-------- Data supplied

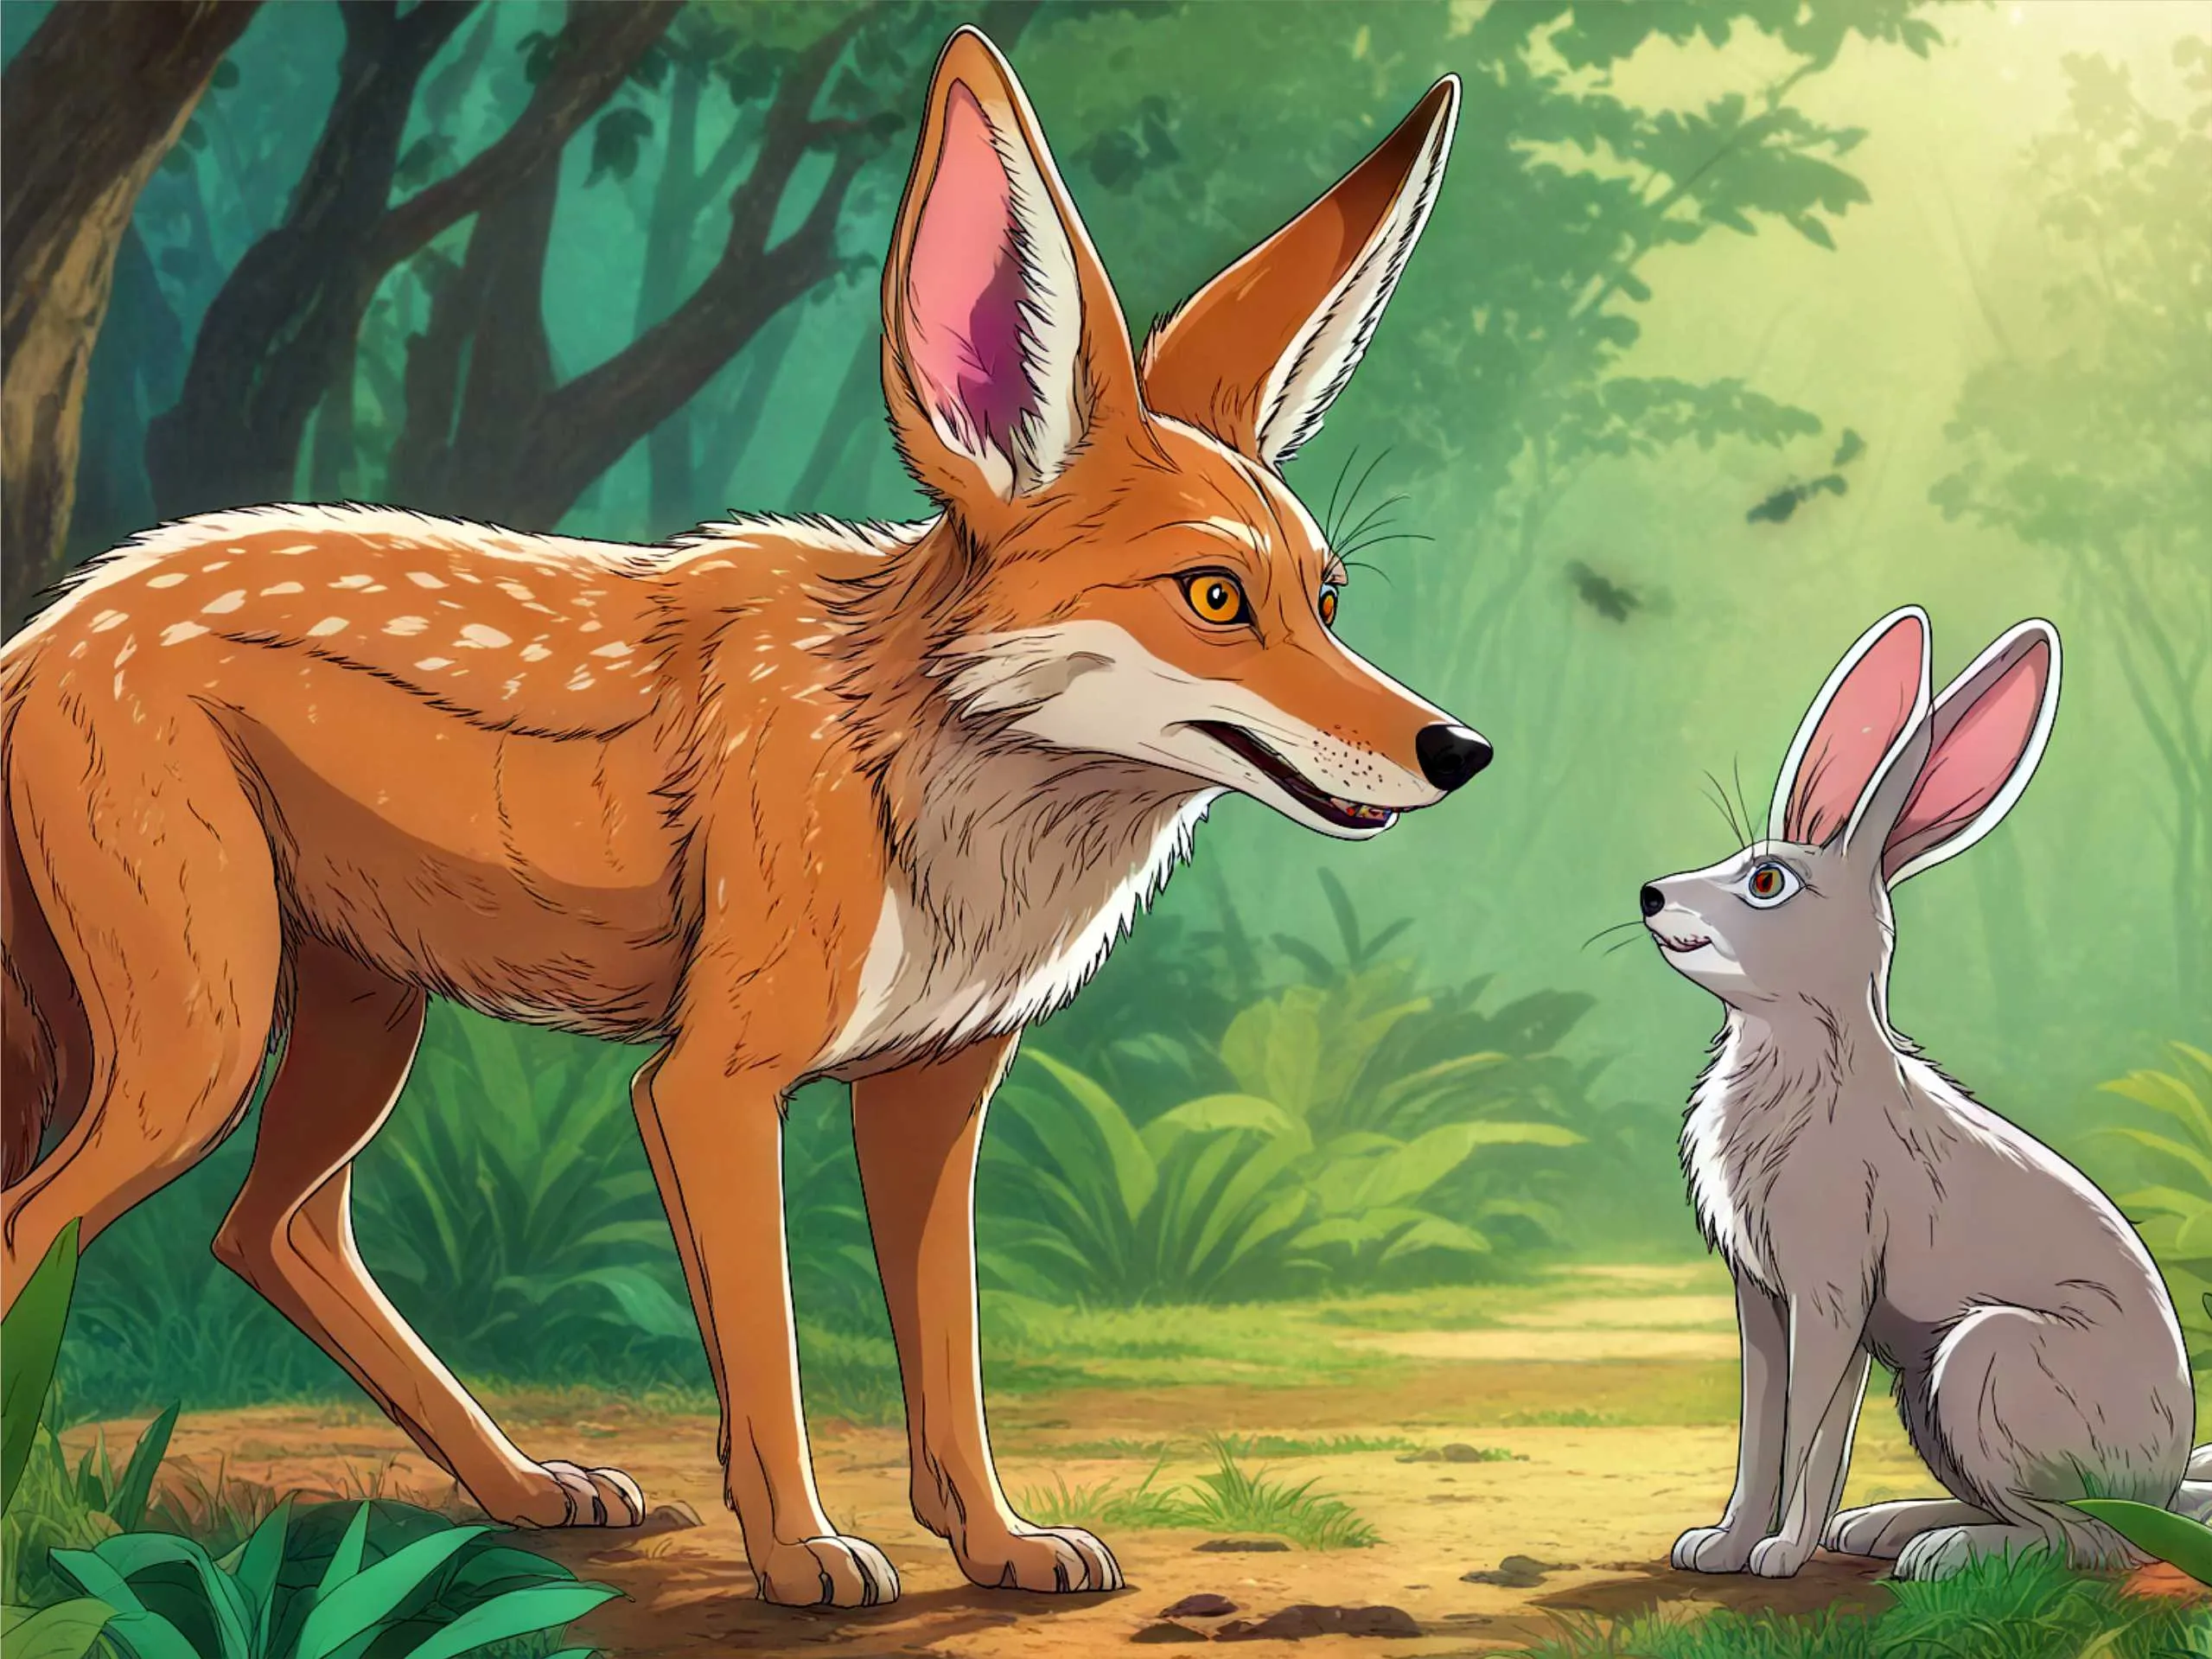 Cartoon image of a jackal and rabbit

----------------
-------- Data supplied

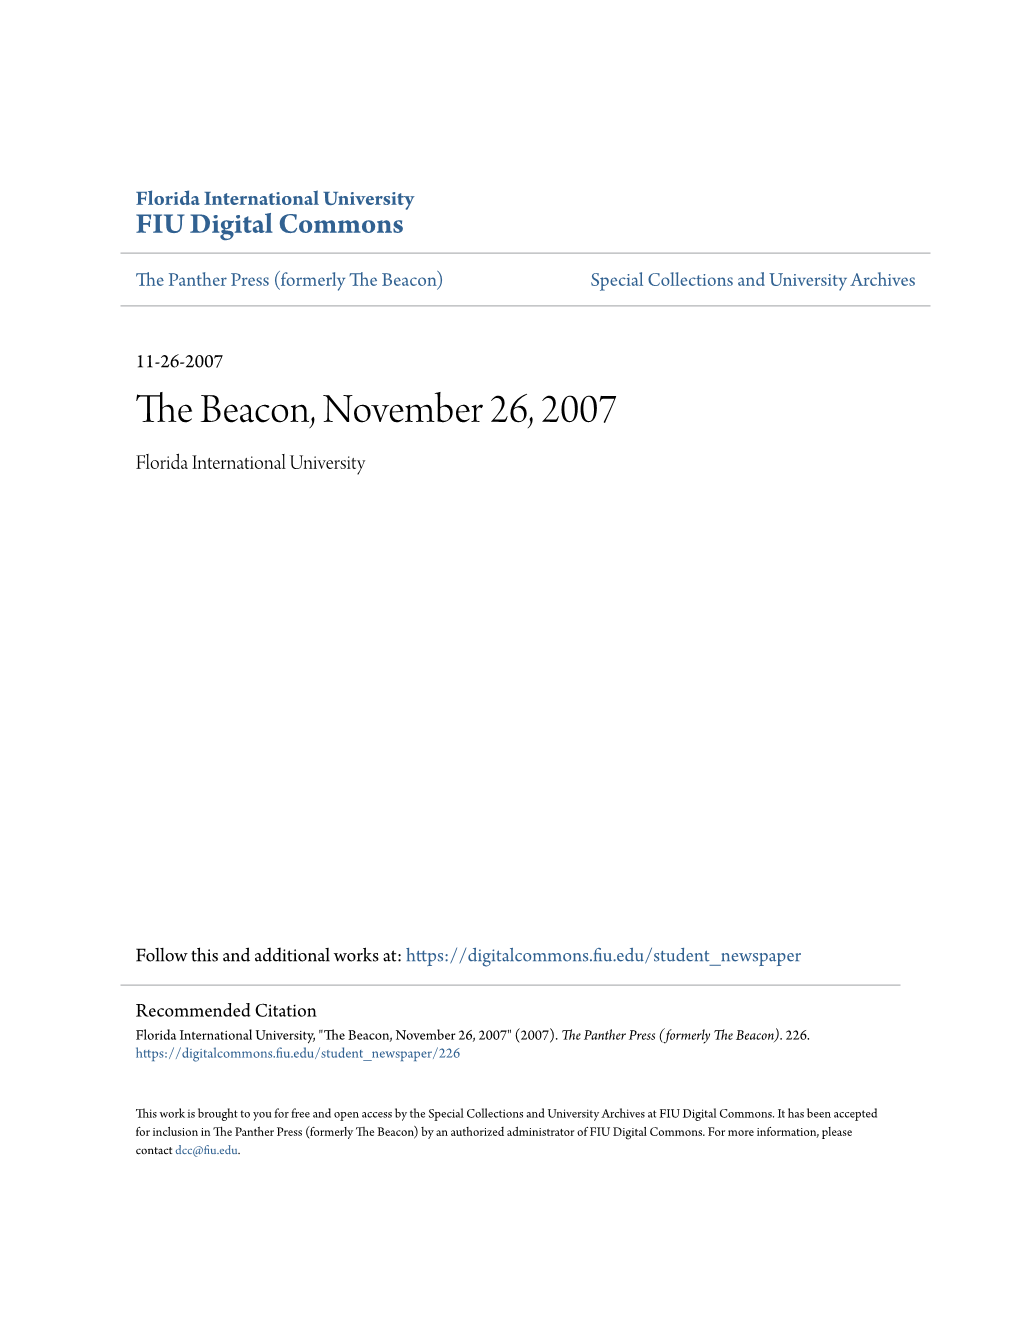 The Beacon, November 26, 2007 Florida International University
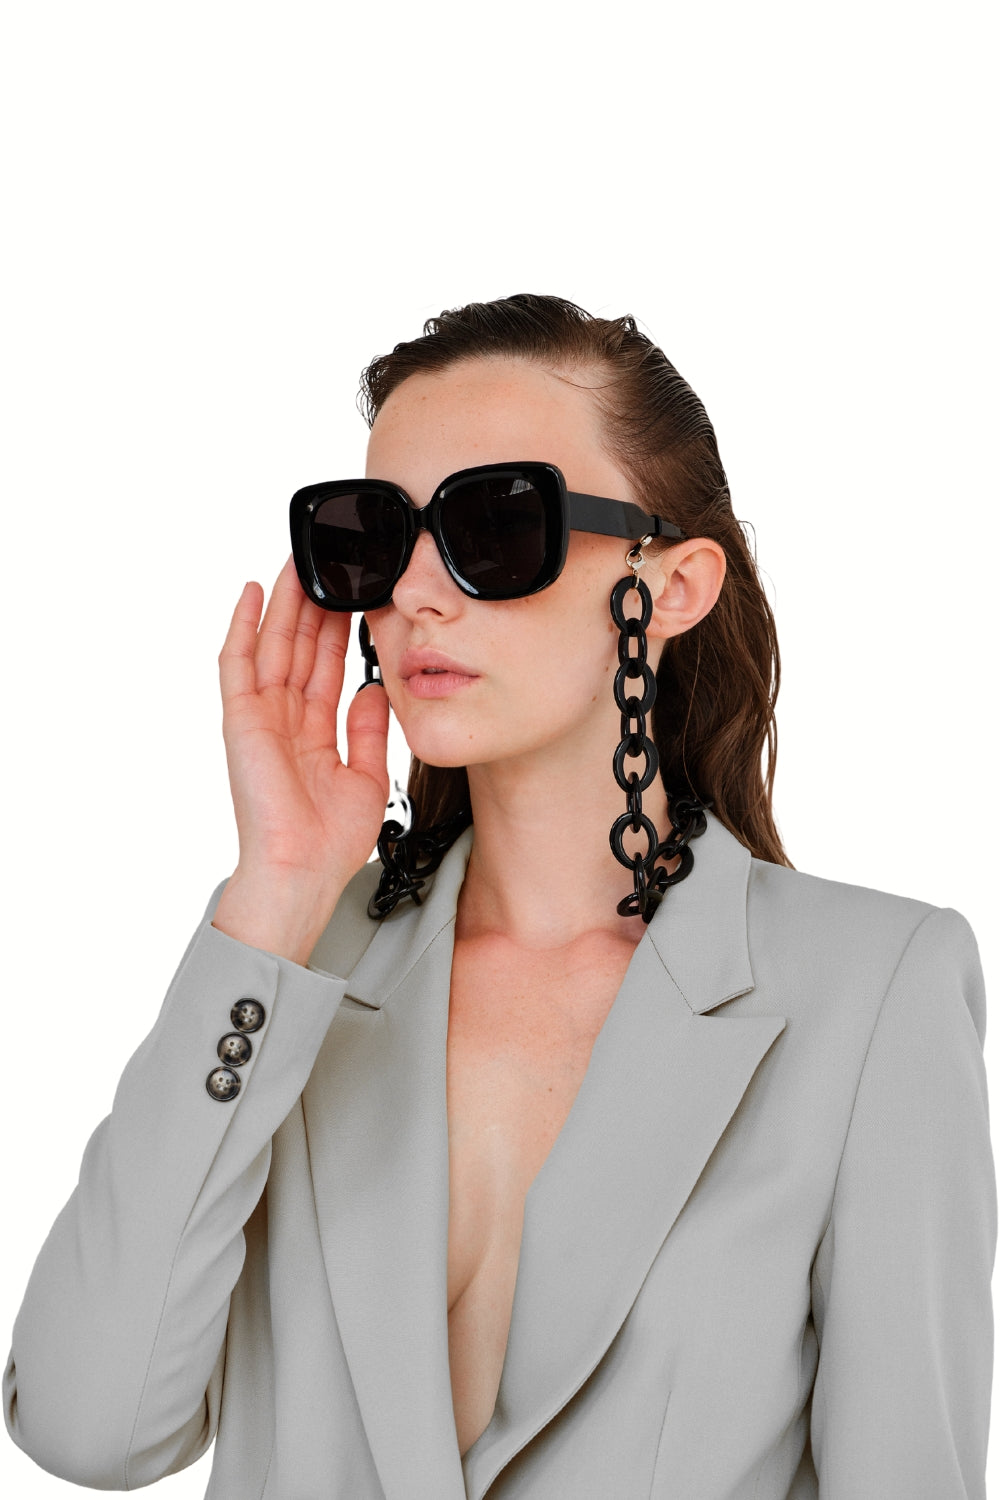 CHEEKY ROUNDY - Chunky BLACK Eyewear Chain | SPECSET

----------------

(What is being asked):
The answer is the lines above from the one with "The Beacon, November" to the one with "CHEEKY ROUNDY - Chunky", set down exactly, with no pictures.

(Exercise output):
 The Beacon, November 26, 2007 Florida International University
 CHEEKY ROUNDY - Chunky BLACK Eyewear Chain | SPECSET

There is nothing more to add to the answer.